Eigentlich gemütliche Tiere
Um das zu demonstrieren, wurden die Schaukühe an der diesjährigen Olma in St. Gallen aus dem Anbindestall ins Freie gebracht. Die Tiere wurden nicht alle auf einmal, sondern gruppenweise und unter Aufsicht ins Freie gelassen. Christian Manser, Kuhsignal-Trainer und Berater an der Fachstelle Rindvieh am landwirtschaftlichen Zentrum St. Gallen in Flawil, erklärte dem Publikum dabei die Signale, die die Kühe im Auslauf aussenden.

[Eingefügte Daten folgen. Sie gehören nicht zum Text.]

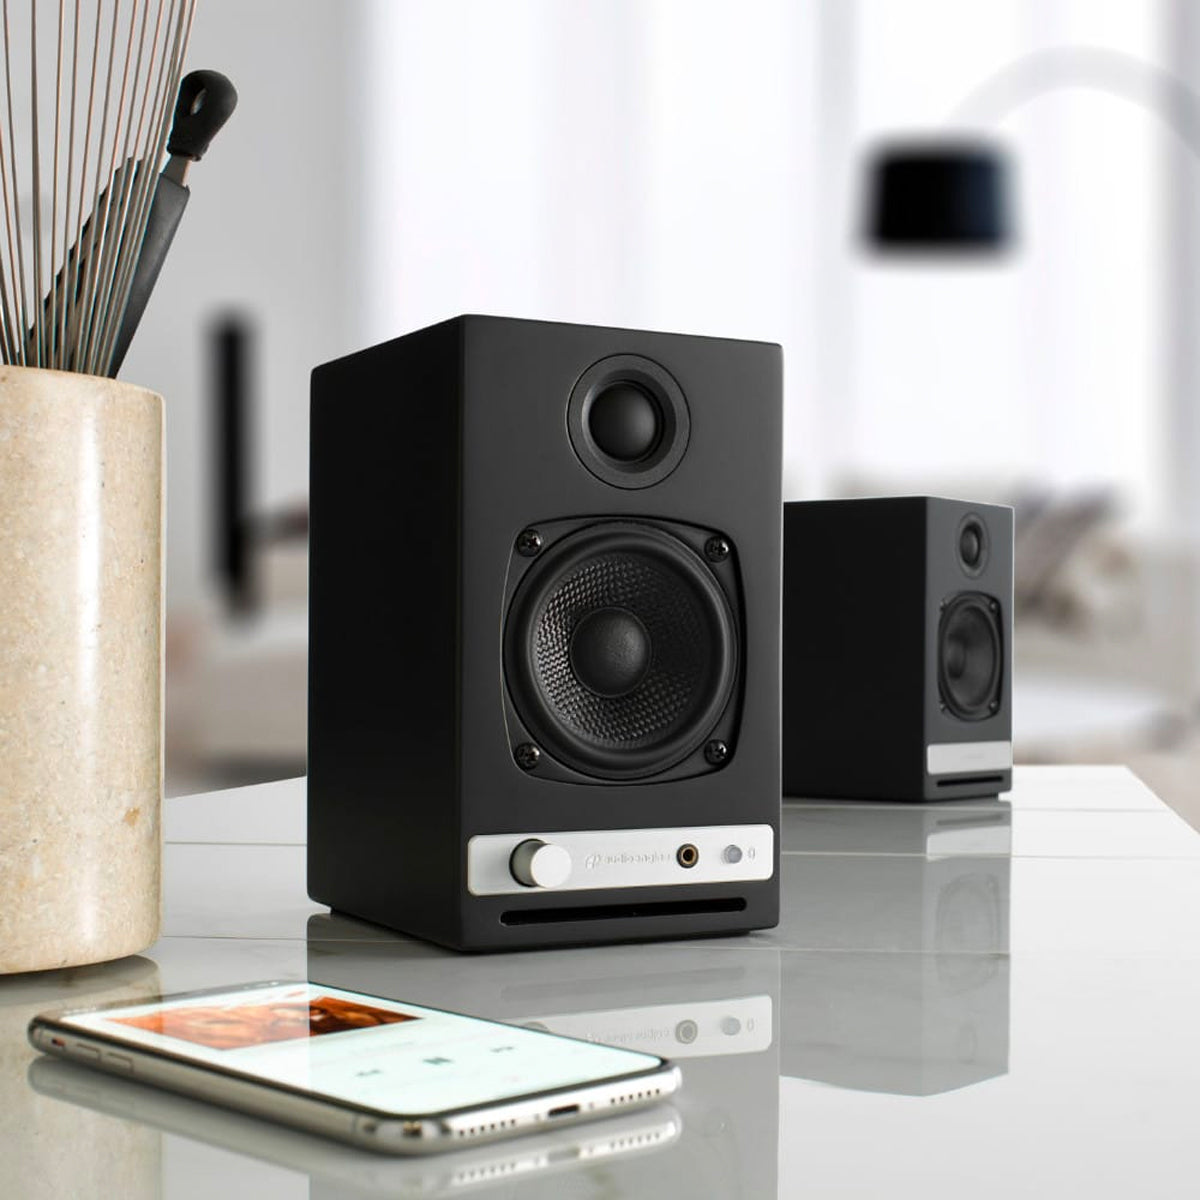 Audioengine HD3 Active Wireless Speakers - Satin Black - The Audio Experts

«Eine gesunde Kuh macht viel Freude»
Findet Christian Manser, Berater an der Fachstelle Rindvieh in Flawil SG
Eigentlich sind Kühe eher gemütliche Tiere, aber beim Auslauf in der Arena liess sich auch ihre andere Seite beobachten. Kaum in der Arena, fingen einige Kühe an zu rennen und Sprünge zu machen. Nicht angebunden zu sein, viel Platz und einen weichen Sandboden zur Verfügung zu haben, regte sie offensichtlich dazu an. Sie würden ihrer Lebensfreude Ausdruck geben, deutete es der Kommentator Christian Manser.
Kräftemessen in der Arena
Kaum hatten die Kühe ihre Umgebung etwas erkundet, interessierten sie sich für ihre Artgenossen in der Arena. Sie beschnupperten einander und einige fingen an, miteinander zu kämpfen oder einander aufzureiten. «Kämpfen ist ein gutes Zeichen», kommentierte Christian Manser. Es gehört zur Natur der Rinder, dass sie untereinander eine Rangordnung ausmachen. Die Kühe pressen Stirn gegen Stirn und versuchen, die Gegnerin wegzudrücken, bis die Unterlegene aufgibt und flieht. [IMG 3]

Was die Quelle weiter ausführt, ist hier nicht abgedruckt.